[英]Python regex for select/extract from nested groups
I am trying to process a string with CHAR(int) and NCHAR(int) to convert those instances with their ASCII counter-parts. 我正在尝试使用CHAR(int)和NCHAR(int)处理一个字符串,以使用其ASCII计数器转换这些实例。 An example would be something like this: 一个例子是这样的:
CHAR(124) + (SELECT TOP 1 CAST(name AS VARCHAR(8000)) FROM (SELECT TOP 1 colid, name FROM [Projects]..[syscolumns]
WHERE xtype=char(85)
AND id = OBJECT_ID(NCHAR(69)+NCHAR(78)+NCHAR(95)+NCHAR(69)+NCHAR(109)+NCHAR(112)+NCHAR(108))
Note that I don't want to do anything to VARCHAR(int), and just to the CHAR(int) and NCHAR(int) parts only. 请注意,我不想对VARCHAR(int)做任何事情,而只对CHAR(int)和NCHAR(int)部分做任何事情。 The above should translate to: 上面的应该翻译为:
|(SELECT TOP 1 CAST(name AS VARCHAR(8000)) FROM (SELECT TOP 1 colid, name FROM [Projects]..[syscolumns] WHERE xtype=U AND id = OBJECT_ID(EN_Empl) |(选择顶部1个CAST(名称为VARCHAR(8000)),来自(选择顶部1个colid,名称为[项目] .. [syscolumns]),其中xtype = U AND id = OBJECT_ID(EN_Empl)
Note that any "+" on either side of CHAR(int) or NCHAR(int) should be removed. 请注意,应删除CHAR(int)或NCHAR(int)两侧的任何“ +”号。 I tried the the following: 我尝试了以下方法:
def conv(m):
return chr(int(m.group(2)))
print re.sub(r'([\+ ]?n?char\((.*?)\)[\+ ]?)', conv, str, re.IGNORECASE)
where str
=the raw string that must be processed. 其中str
=必须处理的原始字符串。
Somehow, the VARCHAR(8000) is being picked up. 不知何故,VARCHAR(8000)被拾取。 If I tweak the regex, the "=" after xtype is going away, rather than just the space and the "+" on either side of a CHAR(int) or NCHAR(int) instance. 如果我调整正则表达式,则xtype之后的“ =”将会消失,而不仅仅是CHAR(int)或NCHAR(int)实例两侧的空格和“ +”。

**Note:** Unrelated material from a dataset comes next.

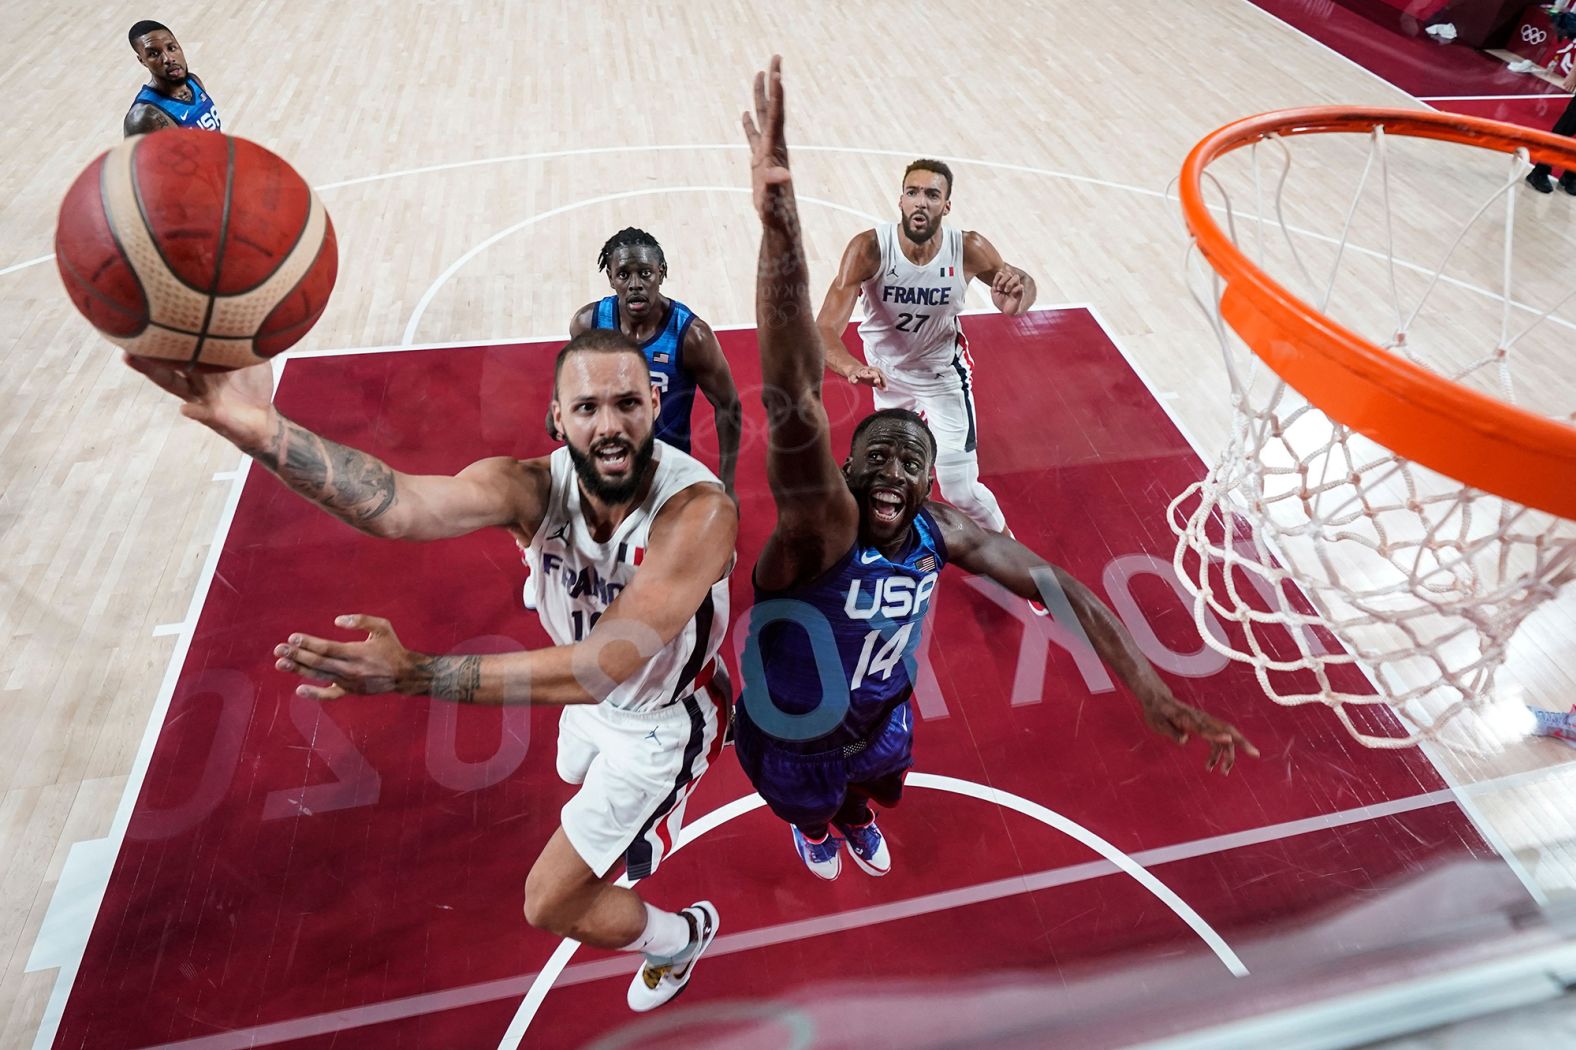 The Tokyo 2020 logo is reflected in the backboard as France's Evan Fournier rises for a shot on July 25. <a href="index.php?page=&url=https%3A%2F%2Fwww.cnn.com%2Fworld%2Flive-news%2Ftokyo-2020-olympics-07-25-21-spt%2Fh_a157087079778afeb7aea72e8d599708" target="_blank">France upset the United States</a> 83-76 in what was both teams' opening games. The US team hadn't lost an Olympic game since 2004.

Hope someone can pull me out of this. 希望有人可以把我从中拉出来。
ADDITIONAL SAMPLE STRINGS: 其他示例字符串:
String "char(124)+(Select Top 1 cast(name as varchar(8000)) from (Select Top 1 colid,name From [Projects]..[syscolumns] Where id = OBJECT_ID(NCHAR(69)+NCHAR(78)+NCHAR(95)+NCHAR(69)+NCHAR(109)+NCHAR(112)+NCHAR(108)))"
字符串"char(124)+(Select Top 1 cast(name as varchar(8000)) from (Select Top 1 colid,name From [Projects]..[syscolumns] Where id = OBJECT_ID(NCHAR(69)+NCHAR(78)+NCHAR(95)+NCHAR(69)+NCHAR(109)+NCHAR(112)+NCHAR(108)))"
Regex: r'(\\bn?char\\((\\d+)\\)(?:\\s*\\+\\s*)?)'
正则表达式: r'(\\bn?char\\((\\d+)\\)(?:\\s*\\+\\s*)?)'
Result: "|(Select Top 1 cast(name as varchar(8000)) from (Select Top 1 colid,name From [Projects]..[syscolumns] Where id = OBJECT_ID(ENCHAR(78)+NCHAR(95)+NCHAR(69)+NCHAR(109)+NCHAR(112)+NCHAR(108)))"
结果: "|(Select Top 1 cast(name as varchar(8000)) from (Select Top 1 colid,name From [Projects]..[syscolumns] Where id = OBJECT_ID(ENCHAR(78)+NCHAR(95)+NCHAR(69)+NCHAR(109)+NCHAR(112)+NCHAR(108)))"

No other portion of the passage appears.